* **Data below**:
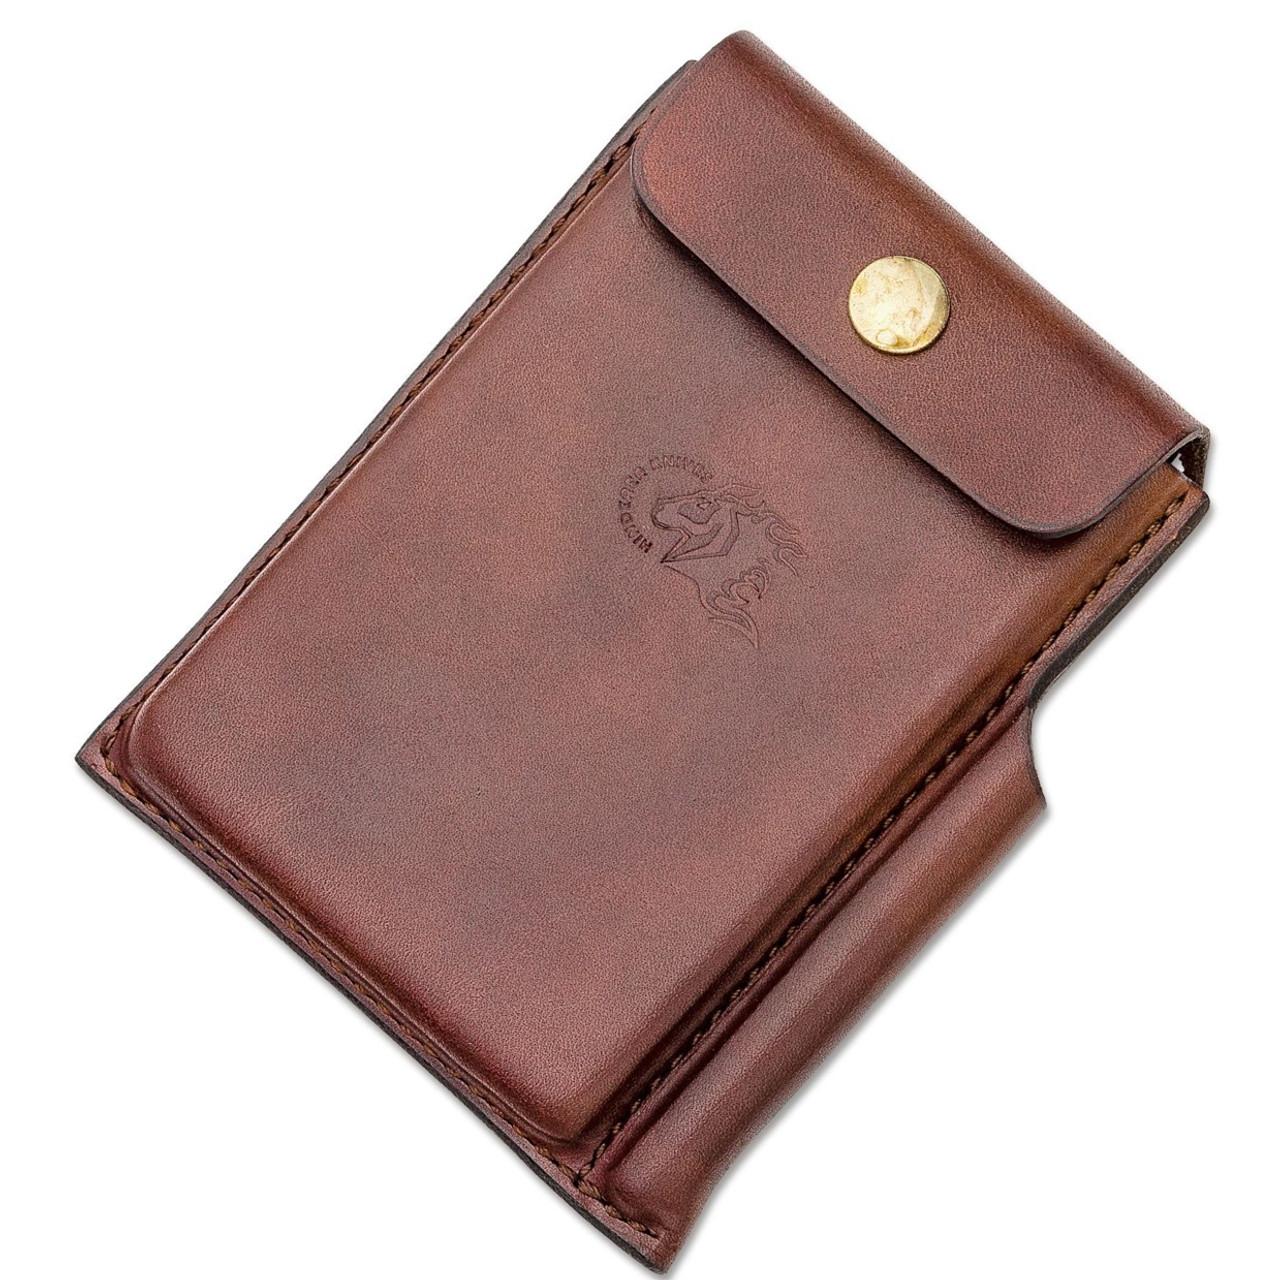 Hinderer Notebook Case, Light Brown Leather
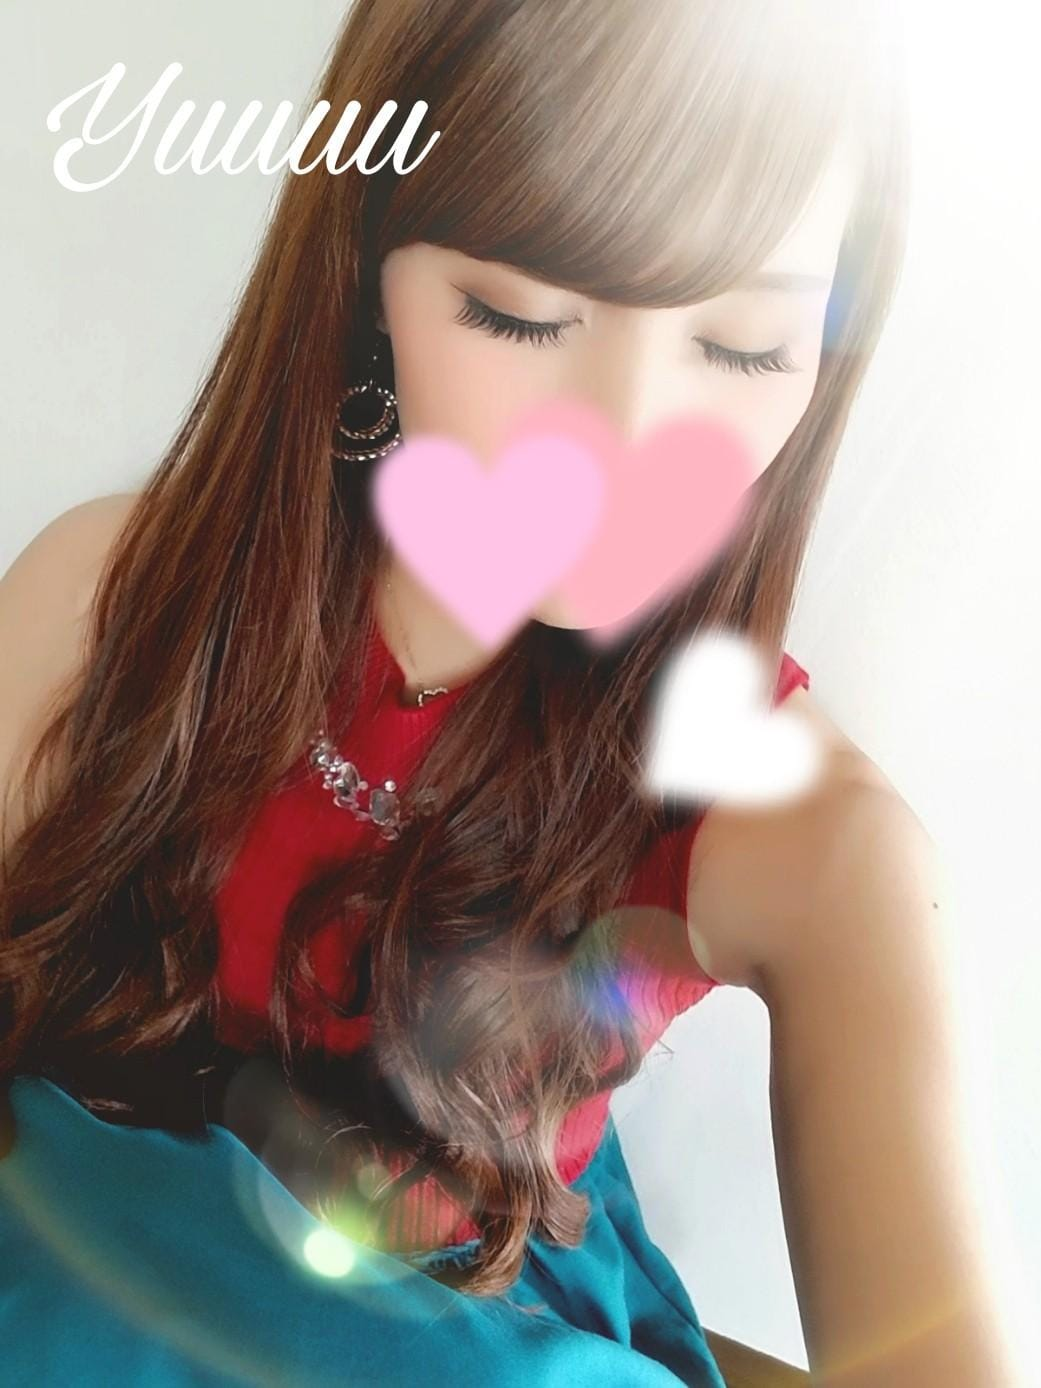 「Yuuuu♡帰宅」07/22日(日) 20:44 | 優羽(ゆう)の写メ・風俗動画
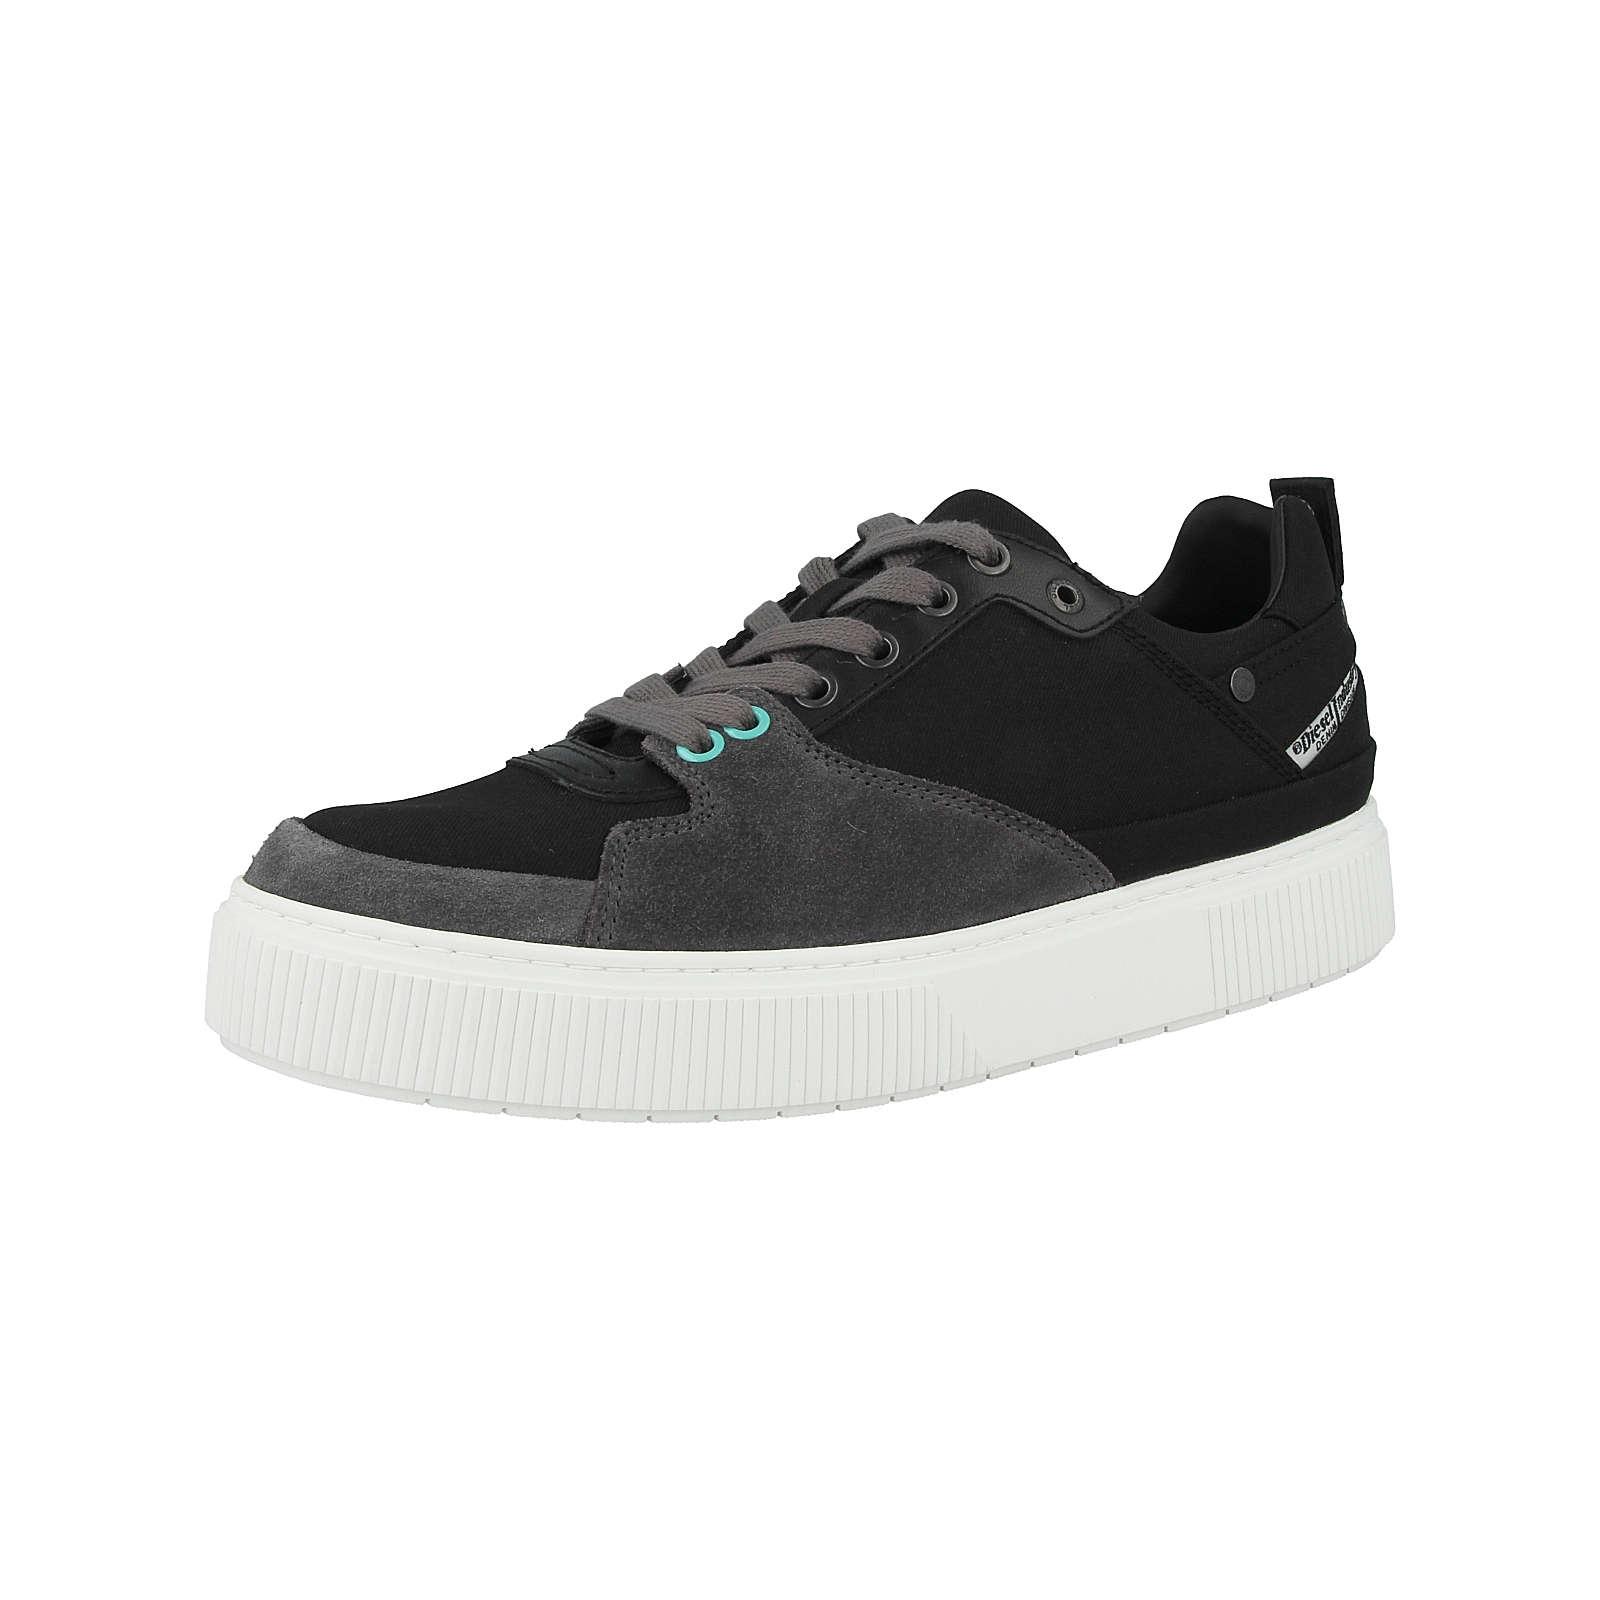 DIESEL Schuhe S-Danny LC Sneakers Low schwarz Herren Gr. 45

* **Assignment**: Give back the material word for word, leaving out its pictures.

* **Answer area**:
 Hinderer Notebook Case, Light Brown Leather
 「Yuuuu♡帰宅」07/22日(日) 20:44 | 優羽(ゆう)の写メ・風俗動画
 DIESEL Schuhe S-Danny LC Sneakers Low schwarz Herren Gr. 45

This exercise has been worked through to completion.